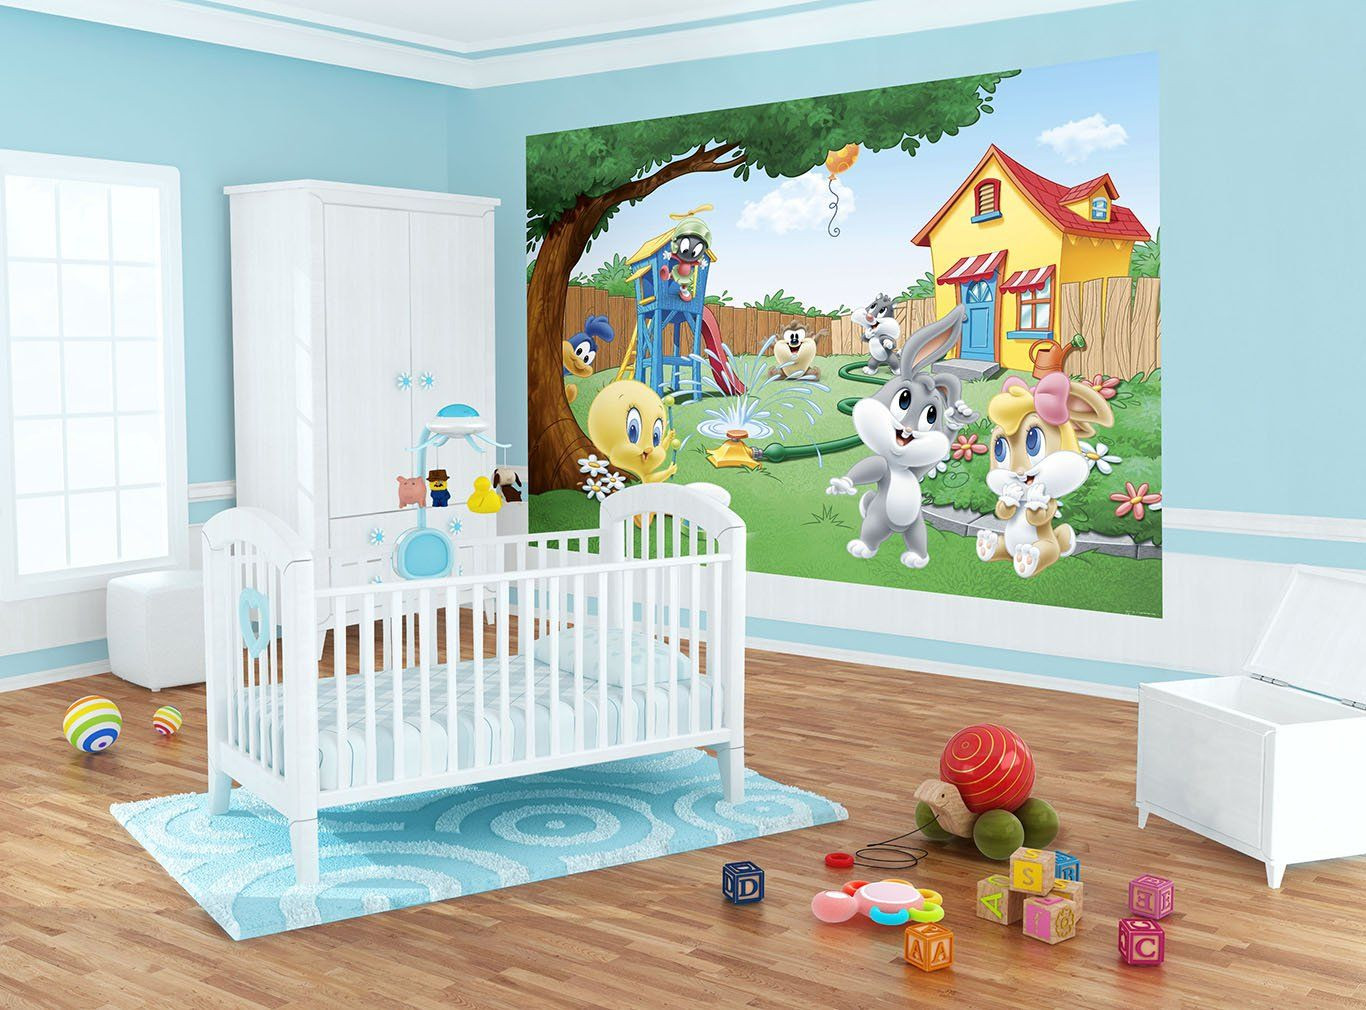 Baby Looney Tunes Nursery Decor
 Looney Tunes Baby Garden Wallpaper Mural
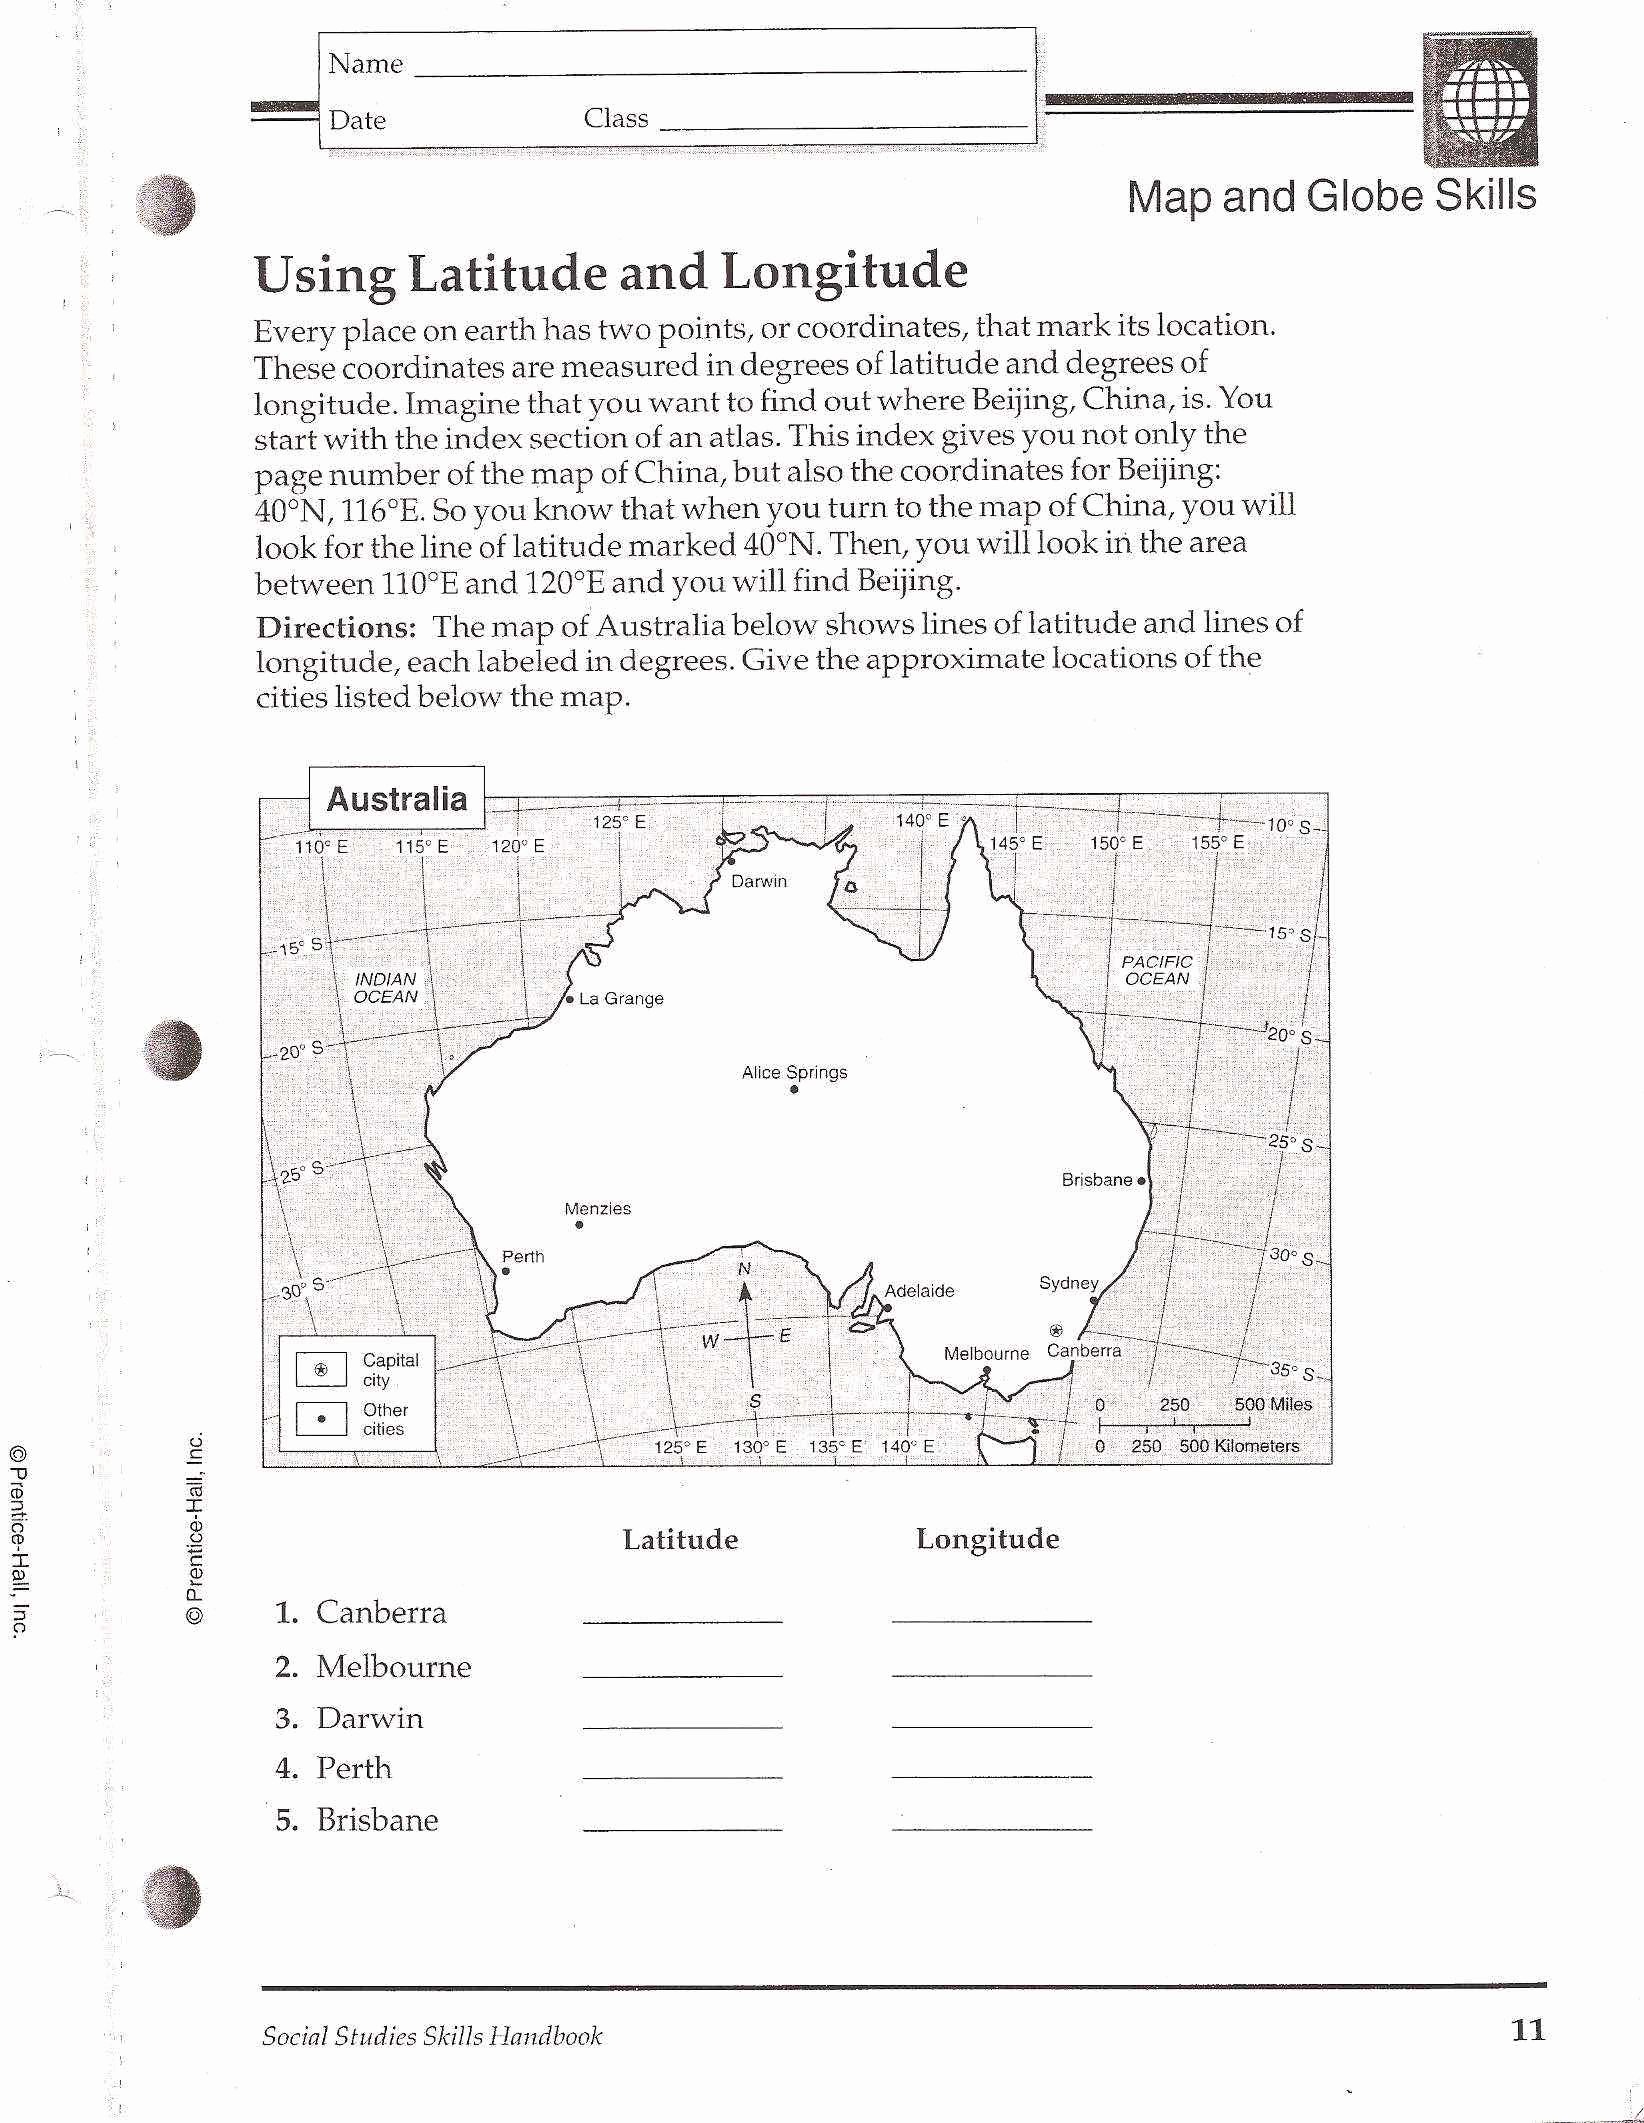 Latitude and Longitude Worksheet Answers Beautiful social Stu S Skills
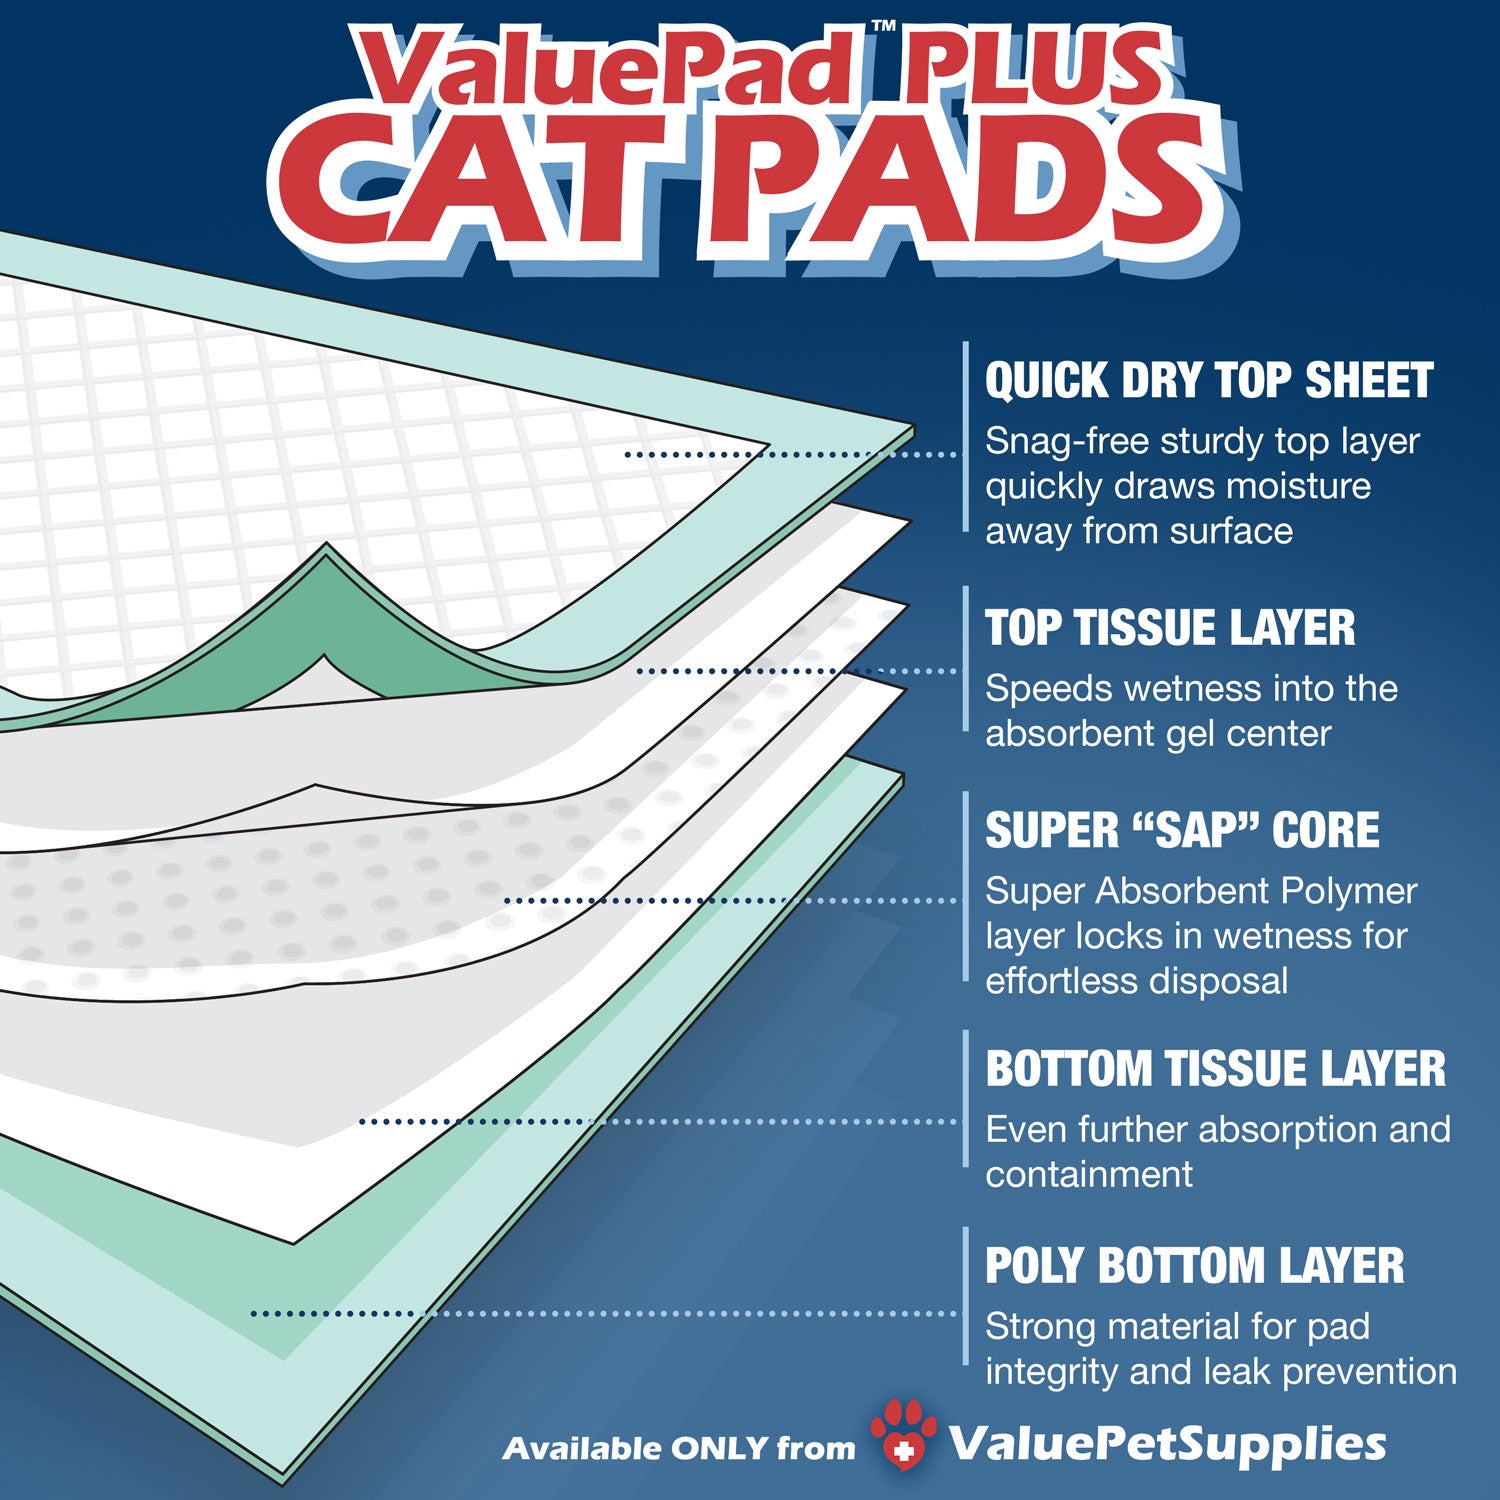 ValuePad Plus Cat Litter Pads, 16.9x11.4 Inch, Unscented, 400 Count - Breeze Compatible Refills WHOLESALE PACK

########################################

● Exercise objective: Pictures stay out of the answer; the rest of the listing above is returned exactly.

● Task response:
 Baby Looney Tunes Nursery Decor
 Looney Tunes Baby Garden Wallpaper Mural
 Latitude and Longitude Worksheet Answers Beautiful social Stu S Skills
 ValuePad Plus Cat Litter Pads, 16.9x11.4 Inch, Unscented, 400 Count - Breeze Compatible Refills WHOLESALE PACK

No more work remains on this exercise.